Canada has data centres in cities like Toronto, Montreal, Vancouver and Calgary, but we also connect through American hubs in Washington State, Oregon, Chicago and Northern Virginia — the latter which is known as “Data Centre Alley” because it’s home to the world’s largest concentration of data centres.
Keeping data centres online is critical, so energy sources that supply them have to be reliable.
When data centers experience outages, even for a few seconds, the consequences can be severe. In finance, it can disrupt real-time transactions, halt stock trading, and block access to banking services. In healthcare, it can delay access to electronic health records, disrupt diagnostic tools, and impede communication. In telecommunications, outages can interrupt phone and internet services, including emergency services.
How the energy mix plays a role in powering data centres
The energy mix powering data centres is a critical factor in determining their reliability, efficiency and environmental impact, shaping how these essential facilities operate.
Canadian data centers are powered by a diverse mix of energy sources including hydropower, natural gas, nuclear power, wind, solar and coal. Coal is being phased out because it contributes to greenhouse gas emissions, and while wind and solar are increasingly being used, these sources can be unreliable if the weather is not suitable for power generation.
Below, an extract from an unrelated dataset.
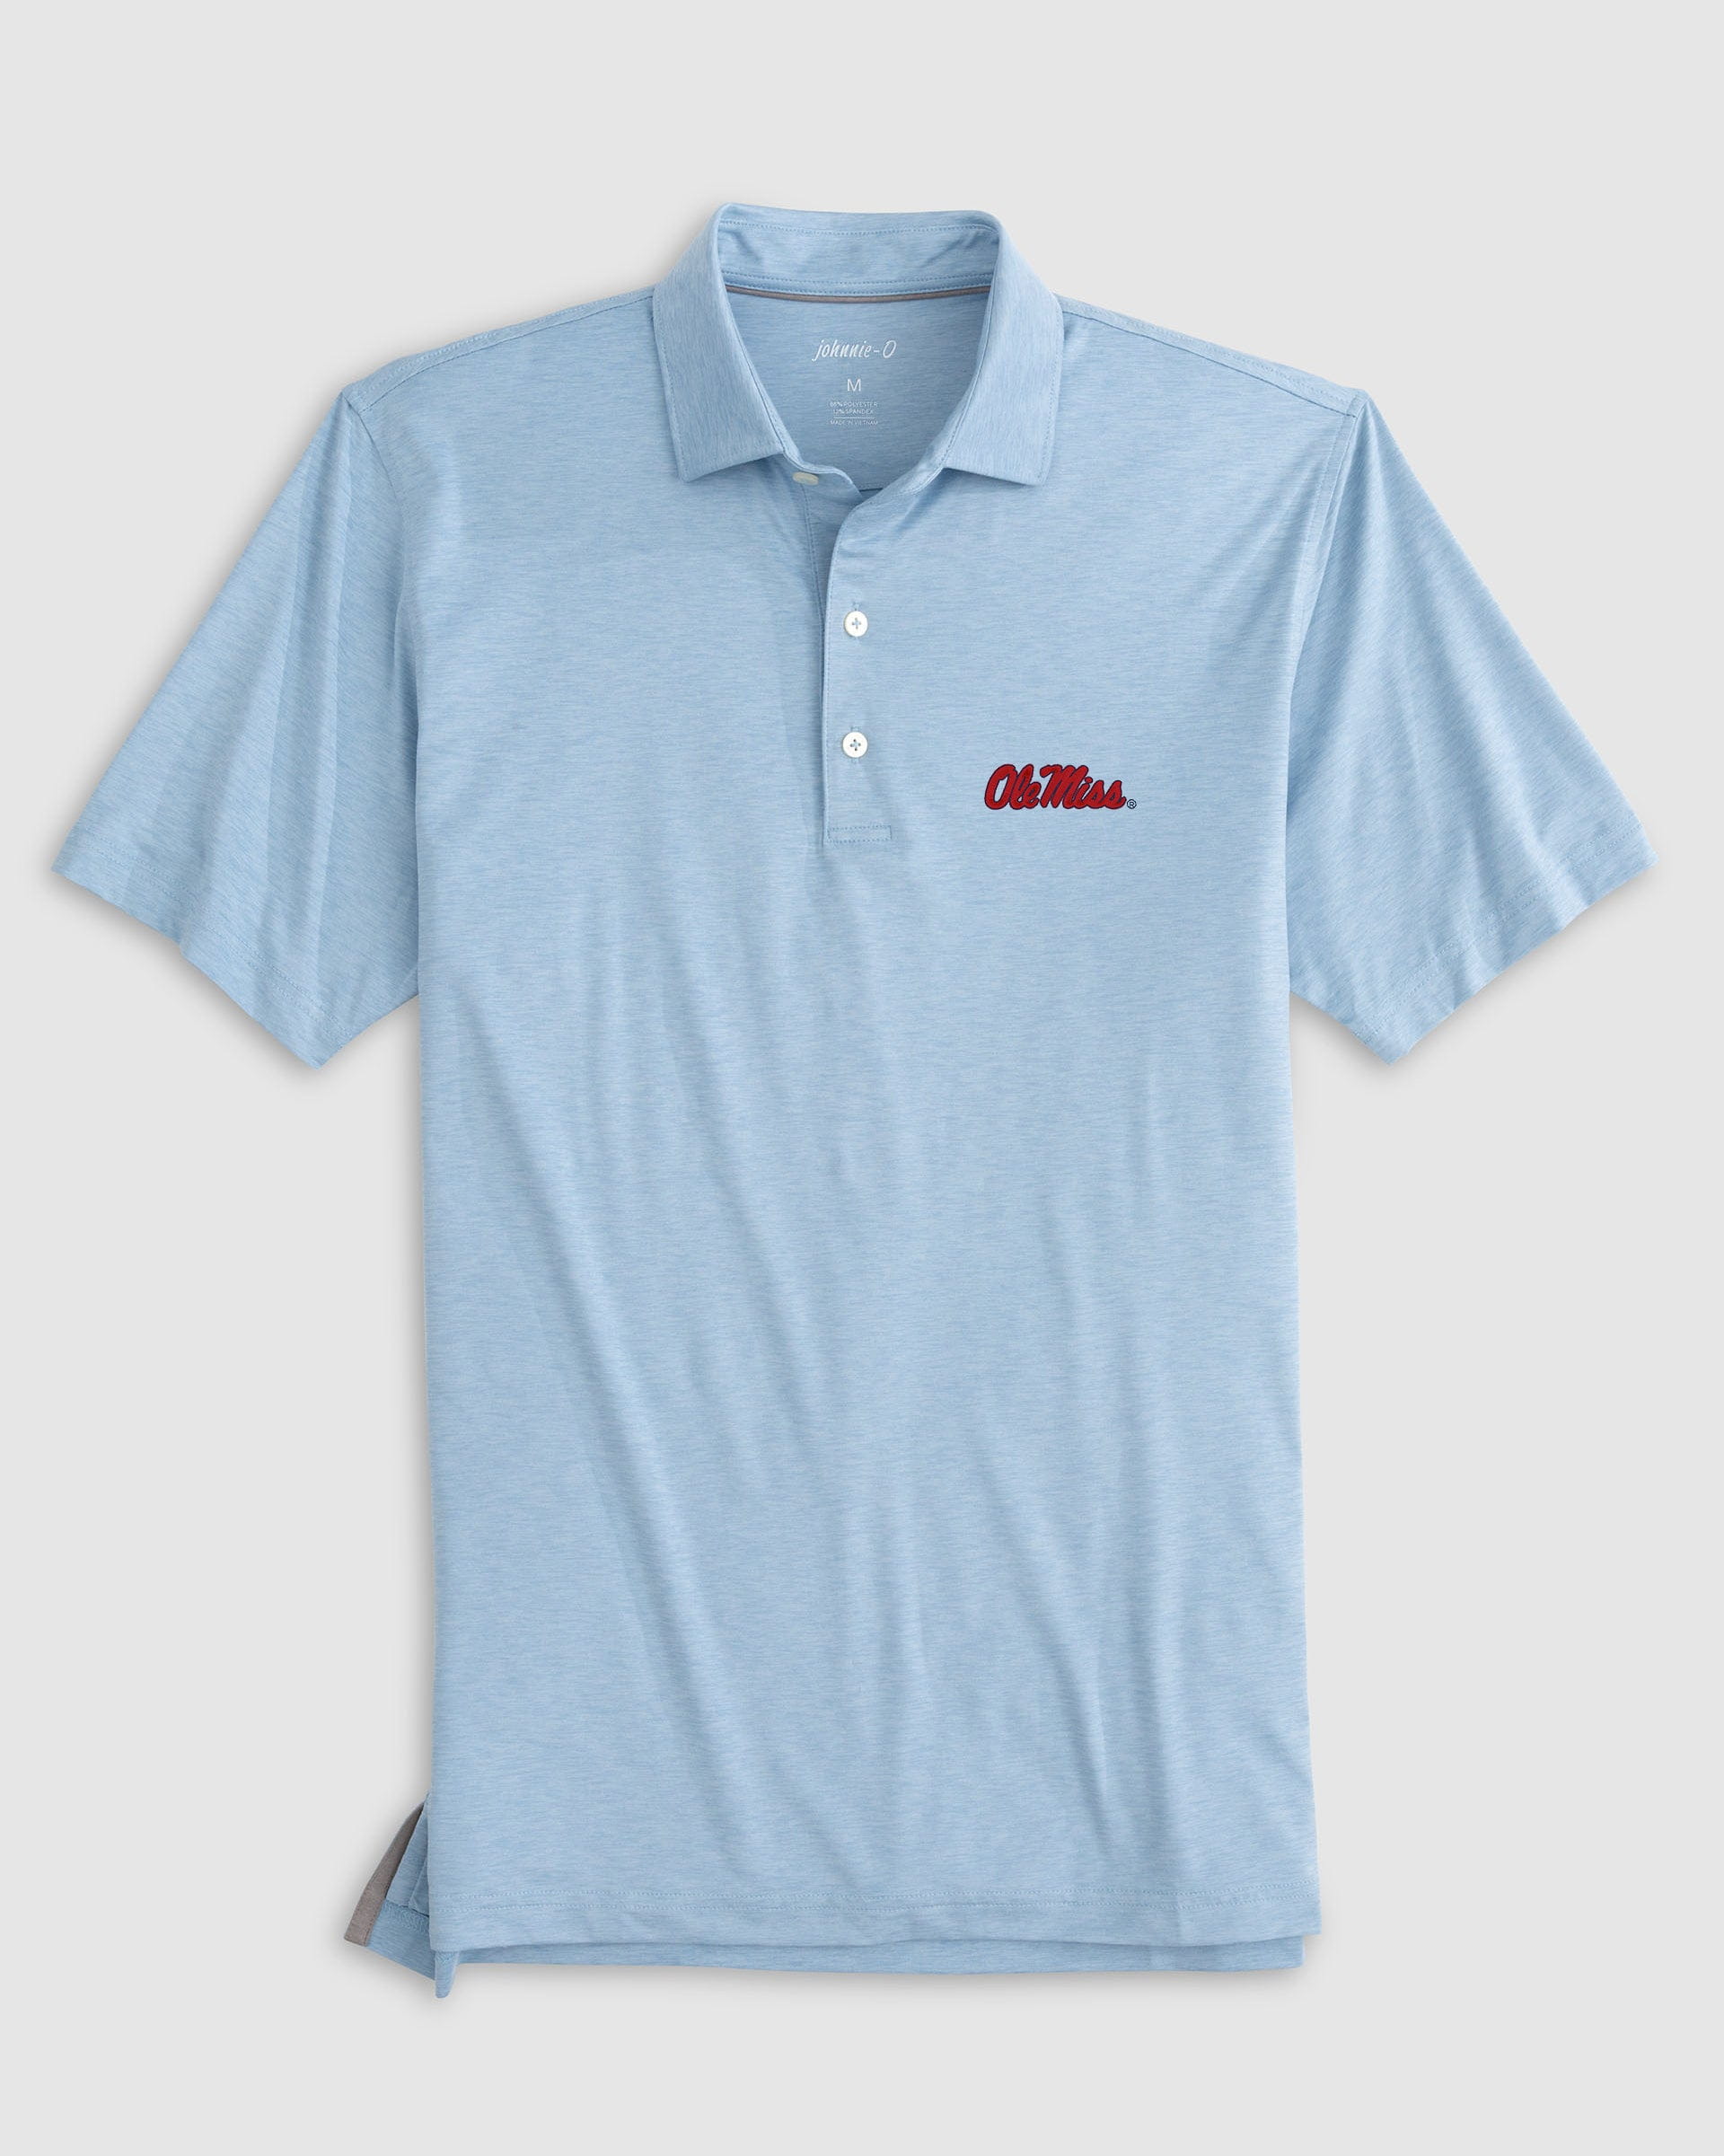 Ole Miss Huron Featherweight Performance Polo

In the U.S., coal plants are still widely used, and as reports indicate, they “can credit their new lease on life to the datacenter industry.”
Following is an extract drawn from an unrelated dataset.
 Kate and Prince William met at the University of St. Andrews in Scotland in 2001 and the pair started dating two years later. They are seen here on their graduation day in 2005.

AI will require even more energy than most people thought, so efforts are turning to ensuring a diverse energy mix keeps these critical resources online while also replacing coal with more reliable and less carbon-intensive sources of energy.
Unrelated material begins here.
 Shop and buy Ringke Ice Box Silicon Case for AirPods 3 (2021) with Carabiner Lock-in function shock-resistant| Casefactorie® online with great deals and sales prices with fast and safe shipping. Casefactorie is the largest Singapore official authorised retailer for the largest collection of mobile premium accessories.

That swapping of energy sources is something we asked Canadian engaged women about last fall and 77 per cent told us they support natural gas over coal because they see it as being less harmful to the environment, and 84 per cent of engaged women also think it is important that oil and gas contribute to energy reliability and dependability.
It’s about balance — reducing emissions is important, and it’s essential we ensure there’s reliable and affordable energy to continue to power the technologies we’ll rely on for our daily lives.
Canada is all-in on artificial intelligence
In Canada, we are incentivizing the growth of the tech space — and specifically AI — as it will contribute to our prosperity as a nation. We were the first country globally to launch a national AI strategy, and the federal government has invested more than $2 billion since 2017 to support AI and digital research and innovation.
Canada is all-in on AI, but as the technology grows, its energy demands will rise and we will need to balance emissions concerns with the practical needs of how we power and use AI.
Nakazawa says over time we will likely see the rise of smaller data centres that are more distributed and can parallel process compute load rather than “mega, monolithic data centres situated in large metropolises.”
She also stresses the importance of being intentional and responsible in the use of generative AI.
“Don’t use ChatGPT to ask trivial questions like, ‘What is the difference between a tiger and a lion’?” Nakazawa advises. “Let’s try to use AI with intent and understanding of downstream impacts, similar to turning off the lights when you leave the room.”
As the AI revolution continues to unfold, Nakazawa’s insights underscore the critical importance of aligning technological progress with sustainability goals.
It’s increasingly important to ensure our energy mix is robust enough to meet growing demands. By leveraging a variety of energy sources — from renewables to traditional forms — we can support technological progress while maintaining a sustainable and reliable energy system.
Balancing technological and energy needs will be key to driving innovation without compromising environmental and economic goals.